When I got there the place had more than he described like a place and address to receive mail. Directions to food banks. 12 step meetings. Counselors on staff. referrals or medical Inc., mental health even free HIV and Hep C testing. I had an old GI duffel bag filled with dirty clothes. I needed to wash clothes before taking a shower. I was sitting, waiting for a machine when a counselor saw my bag and asked if I was a Vet? Of course, I said. Welcome home, thank you for your service... Would you like to see a counselor today?
Ka-boom it hit me. I had been praying. Another "bum," (so I thought) came up to me on the street and gave me easy to follow directions. All I did was realized I was to beaten not to follow Good, , Orderly, Directions.

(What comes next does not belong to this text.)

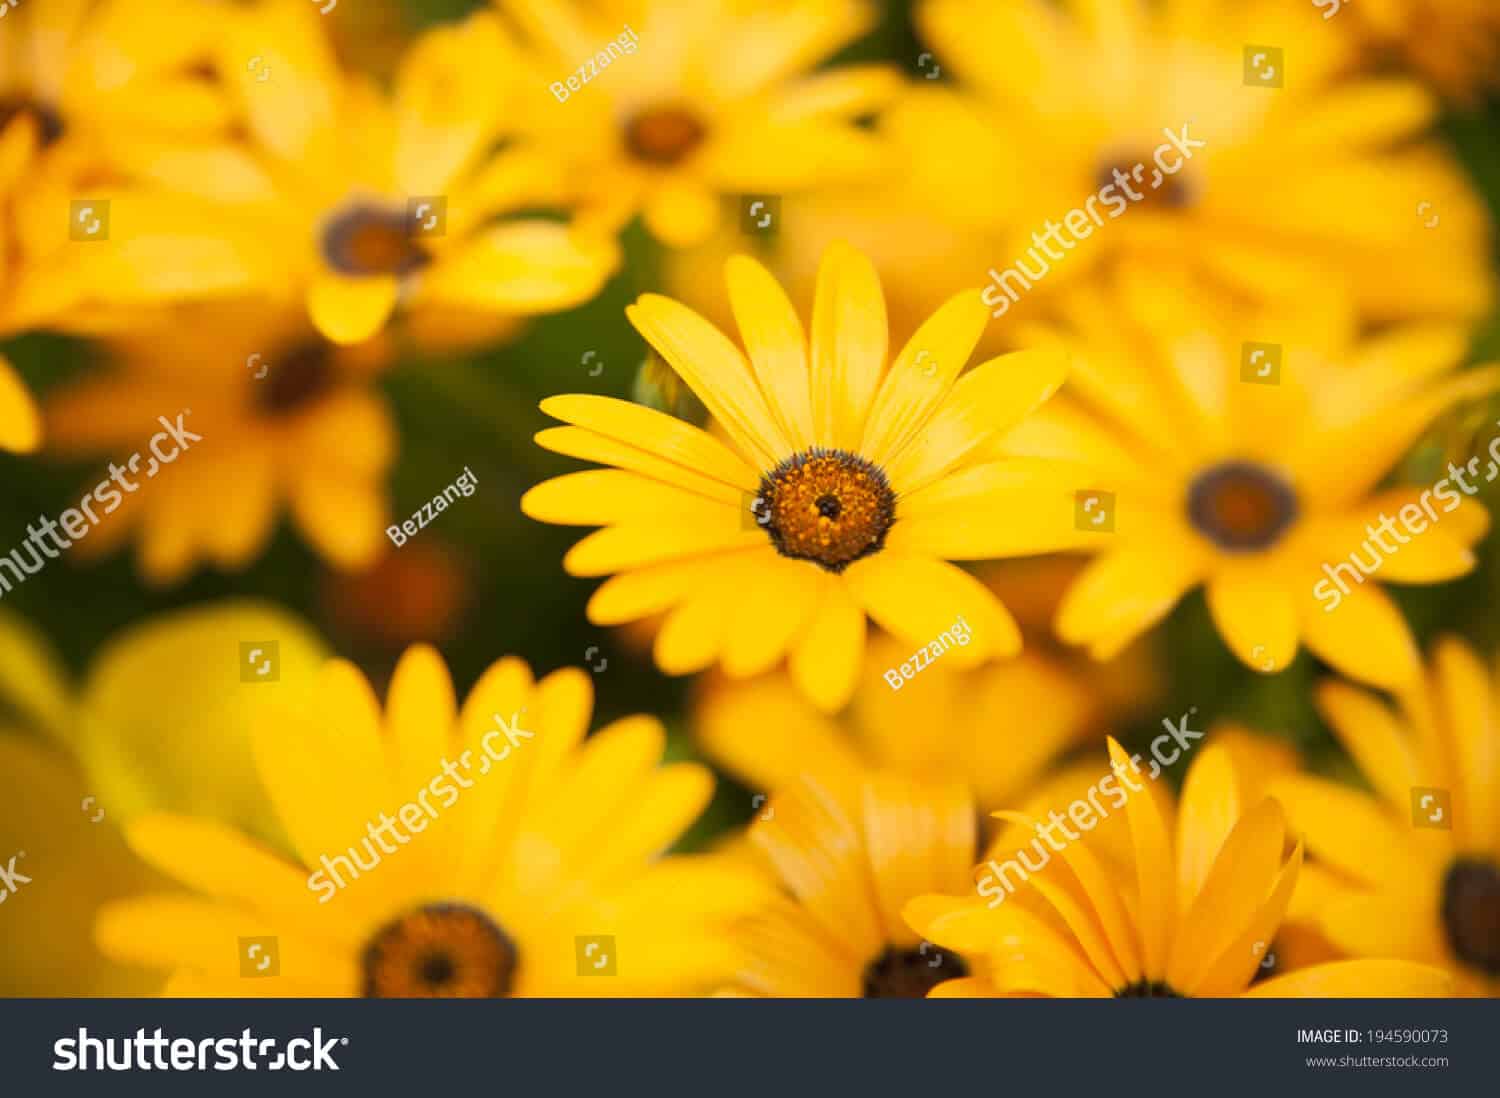 525 ngàn hình ảnh hoa cúc vàng chất lượng cao trên Shutterstock

I saw a counselor, washed my clothes and took a shower. She asked a few questions. I told a few lies. I didn't know she was a recovering addict, yet. She kindly overlooked my denial. Made an appointment at the V.A. and told me if I got there clean and sober, they could reserve me a bed at the mission. She warned me the two intake counselors have been doing it about 20 years each. "They'll see right you bull (poop?) in a heartbeat. If you tell them the truth and they’ll love you." She didn't tell me one was nicknamed "the Dragon lady." (LOL.) They were both very experienced counselors. But heard enough lies and word salad from schizophrenics. They were very quick to pick out disorganized thinking. They were both mental health nurses who switched to substance abuse. I learned a lot from them, but that comes later.
Dragon Lady reserved me a bed at the mission with dinner and alter call. Coffee and donuts in the morning. Back to the V.A: Groups, meetings. counseling, sober friends, Cheap food, uh Doctors? After 7 days of that they got me placing at a full-on, V.A. treatment center for 30 days, it took me 61. I had blackouts on and off about 30 days. My Doctor put me on mild anti- depressants NOT BENZOS and gave me Folic Acid and B3 because of vitamin deficiency’s caused by addictions. Huh?